# Chapter 4: Recursion and MiniMax Tree Search



***
*“In another thirty years people will laugh at anyone who tries to invent a language without closures, just as they'll laugh now at anyone who tries to invent a language without recursion.”*

-- Mark Jason Dominus, in 2005
***



What you'll learn in this chapter:

* The logic behind MiniMax tree search
* Understanding recursion and applying it in MiniMax tree search
* Implementing MiniMax tree search in the coin game
* Testing the effectiveness of the MiniMax agent

In Chapters 2 and 3, you learned how to use look-ahead search to design
intelligent game strategies in Tic Tac Toe and Connect Four. However,
the search process was hard coded. If we look ahead beyond three steps,
the coding becomes tedious and error-prone. You may wonder if there is a
systematic and more efficient way of conducting look-ahead search. The
answer is yes: MiniMax tree search does exactly that. The MiniMax
algorithm is a decision rule in artificial intelligence and game theory.
The algorithm assumes that each player in the game makes the best
possible decisions at each step. Further, each player knows that other
players make fully rational decisions as well, and so on.

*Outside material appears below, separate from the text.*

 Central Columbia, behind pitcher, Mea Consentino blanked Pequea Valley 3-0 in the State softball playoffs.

In this chapter, you'll learn to implement MiniMax tree search in the
coin game. Specifically, you'll use recursion to call a function inside
the function itself. This creates an infinite loop: all command lines in
the function are executed iteration after iteration until a certain
condition is met. The recursive algorithm allows the MiniMax agent to search ahead
until the end of the game.

You'll create a MiniMax agent in the coin game by using the game environment that we developed in
Chapter 1. The algorithm makes hypothetical future moves and exhausts all
possible future game paths. The algorithm then uses backward induction
to calculate the best move in each step of the game. The MiniMax agent
solves the coin game and plays perfectly: it always wins when it pays
second. The MiniMax agent makes moves very quickly as well: each move
takes a fraction of a second.

After this chapter, you'll understand the logic behind MiniMax tree
search and be able to design game strategies for any game based on the
algorithm. You'll apply the algorithm to Tic Tac Toe and Connect Four as
well in the next few chapters and find ways to overcome or mitigate
drawbacks associated with MiniMax tree search.

# 1. Introducing MiniMax and Recursion
This section introduces MiniMax tree search and explains the concept of recursion in programming languages. 

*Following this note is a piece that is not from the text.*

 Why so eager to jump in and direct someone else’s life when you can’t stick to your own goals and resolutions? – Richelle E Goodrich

## 1.1. What is MiniMax Tree Search?

## 1.2. Backward Induction and the Solution to MiniMax

## 1.3. What is Recursion? 
Recursion is the calling of a function inside the function itself. We'll use recursion to implement MiniMax tree search in this book. Below, I'll show you one example of recursion. 

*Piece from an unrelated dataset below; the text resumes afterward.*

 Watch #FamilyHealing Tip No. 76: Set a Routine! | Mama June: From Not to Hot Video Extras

Suppose you want to create a clock to tell time. The normal approach is as follows:

In [1]:
import time

def clock():
    time_now=time.strftime("%H:%M:%S")
    print(f"The current time is {time_now}") 
clock()

The current time is 19:41:45


In [2]:
start=time.time()
def clock():
    time_now=time.strftime("%H:%M:%S")
    print(f"The current time is {time_now}") 
    time.sleep(1)
    if time.time()-start<=10:
        clock()
clock()    

The current time is 19:45:46
The current time is 19:45:47
The current time is 19:45:48
The current time is 19:45:49
The current time is 19:45:50
The current time is 19:45:51
The current time is 19:45:52
The current time is 19:45:53
The current time is 19:45:54
The current time is 19:45:55


In the above cell, we call the *clock()* function in the function itself, unless more than ten seconds have passed. As a result, the function tells time for ten consecutive seconds. 

# 2. MiniMax Tree Search in the Coin Game

We'll use a simplified version of the self-made coin game environment from Chapter 1 to speed up MiniMax tree search. Specifically, the module is saved as *coin_simple_env.py* in the folder *utils* in the book's GitHub repository https://github.com/markhliu/AlphaGoSimplified. Download the file and save it in the folder /Desktop/ags/utils/ on your computer. The file *coin_simple_env.py* is the same as *coin_env.py* that we used in Chapter 1, except that we have deleted the graphical game window functionality. As a result, you cannot use the render() method in the simplified coin game environment. We use the simplified coin game environment to make the MiniMax agent make moves faster. 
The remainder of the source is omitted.